There was surprise, but neither embarrassment nor emotion on her face as she said, frankly—
 
"Why, Cuthbert Hartington, this is a curious meeting. I did know you were in Paris, for I had heard as much from my father, but I had no idea of your address and I have wondered many times since I came here, five weeks ago, whether we should run[Pg 70] against each other. No, I have not dropped from the clouds, and you ought to have known I should be here; I told you that I was going to have a year in Germany and then a year in France. My year in Germany was up two months ago. I went home for a fortnight, and here I am as a matter of course."
 
"I might have known you would carry out your programme exactly as you had sketched it, but I thought that the disturbed state of things over here might have induced you to defer that part of the plan until a more appropriate season. Surely Paris is not just at present a pleasant abode for a young lady, and is likely to be a much more unpleasant one later on."
 
"I think there could hardly be a more appropriate time for being here, Mr.
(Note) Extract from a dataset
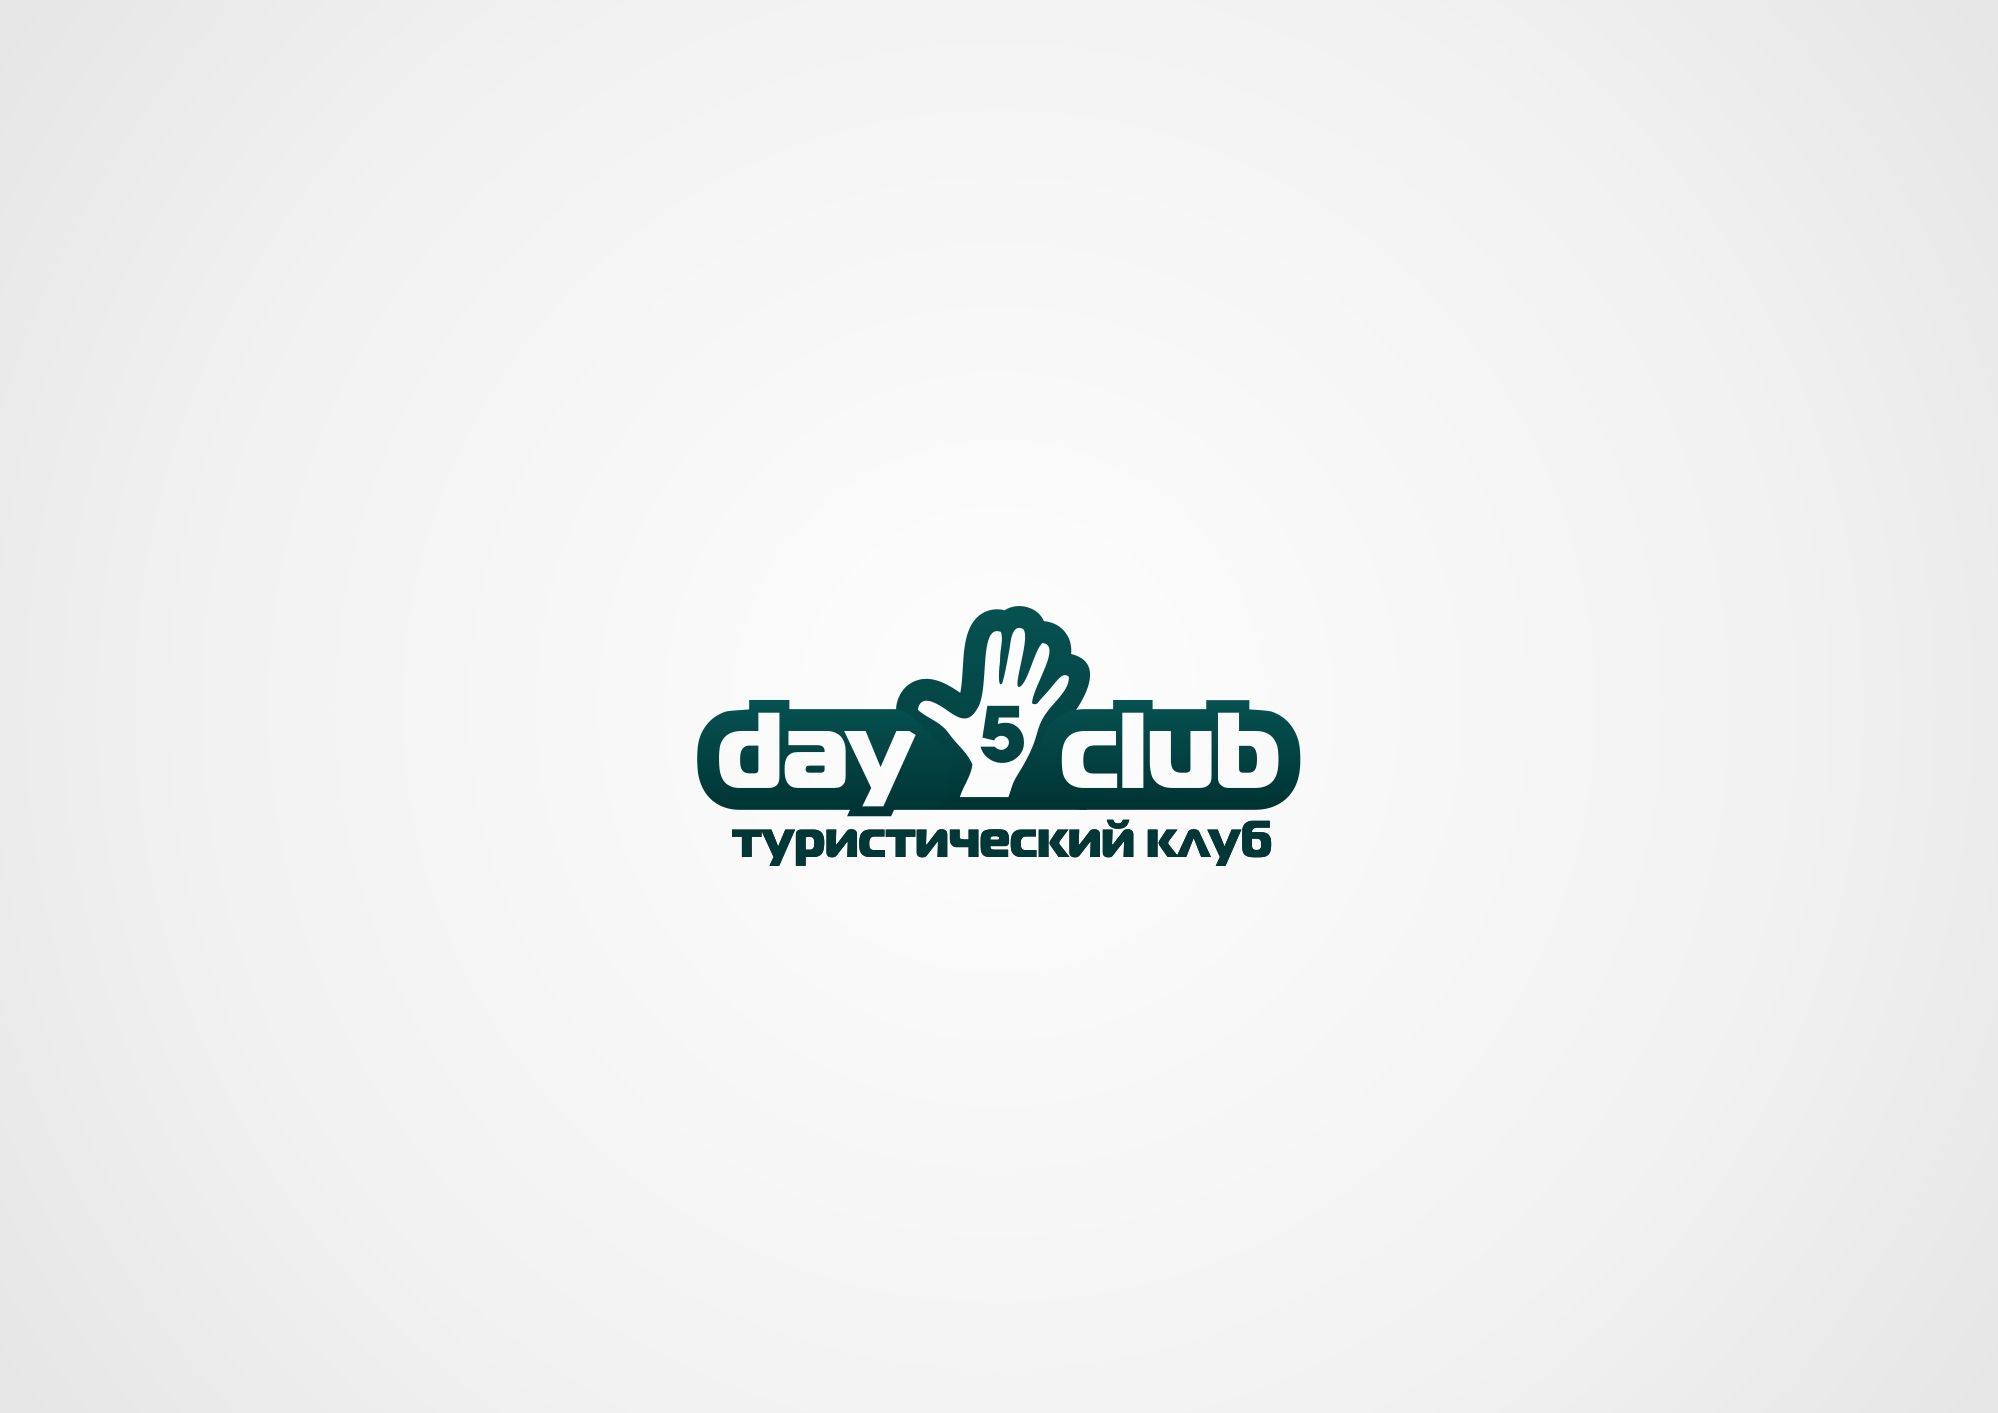 Логотип для Дай 5 Клуб (day5club) - дизайнер lum1x94

Hartington; one could have no better time for studying social problems than the present when conventionalities have gone to the winds and one sees people as they are; but this is hardly the place to talk. I am boarding with a family at No. 15 Avenue de Passy. Will you come and see me there?"
 
"Certainly I will, if you will allow me. What will be a convenient time?"
 
"I should say three o'clock in the afternoon. They are all out then, except Madame Michaud and her little daughter, and we shall be able to chat comfortably, which we could not do if you came in the evening, when the father is at home and two boys who are away at school during the day. Will you come to-morrow?"
 
"Yes, my afternoons are free at present."
 
She held out her hand and then walked away with a steady business-like step. Cuthbert stood watching her till she had disappeared in the crowd.
 
"She has no more sentiment in her composition at present," he said to himself with a laugh that had some bitterness in it, "than a nether millstone. Her mind is so wrapped up in this confounded fad of hers that there is no room in it for anything else. I might have been a cousin, instead of a man she had refused, for any embarrassment or awkwardness she felt at our sudden meeting. It clearly made no impression at all upon her. She remembers, of course, that she met me at Newquay. I don't[Pg 71] suppose she has really forgotten that I asked her to be my wife, but it was a mere incident, and affected her no more than if I had asked her to buy a picture and she had refused. I wish to goodness I had not met her again. I had got fairly over it, and was even beginning to wonder how I ever could have wanted to marry anyone so different in every way from the sort of woman I fancied I should have fallen in love with. How foolish of her coming over to Paris at this time. Well, I daresay it has all saved a lot of trouble. I suppose at that time Brander would have been delighted at the prospect, but it would have been a very different thing after the failure of the bank. I don't think he would have made a pleasant father-in-law under the present circumstances. He is an old fox. I always thought so, and I think so more than ever now. It has been a queer affair altogether. I wonder what Mary thinks of it all. I suppose she will talk to me about it to-morrow afternoon. By the way, I have to go this evening with René and the others to be sworn in or attested, or whatever they call it, at the Mairie. Their report as to the officers is satisfactory. I have heard that Longfranc was an excellent officer before he came into some money, cut the army and took up art. I have no doubt he will make a good major, and he understands the men better than most army men would do. They say the Colonel is a good man, too, and was very popular with his regiment before he retired from the service."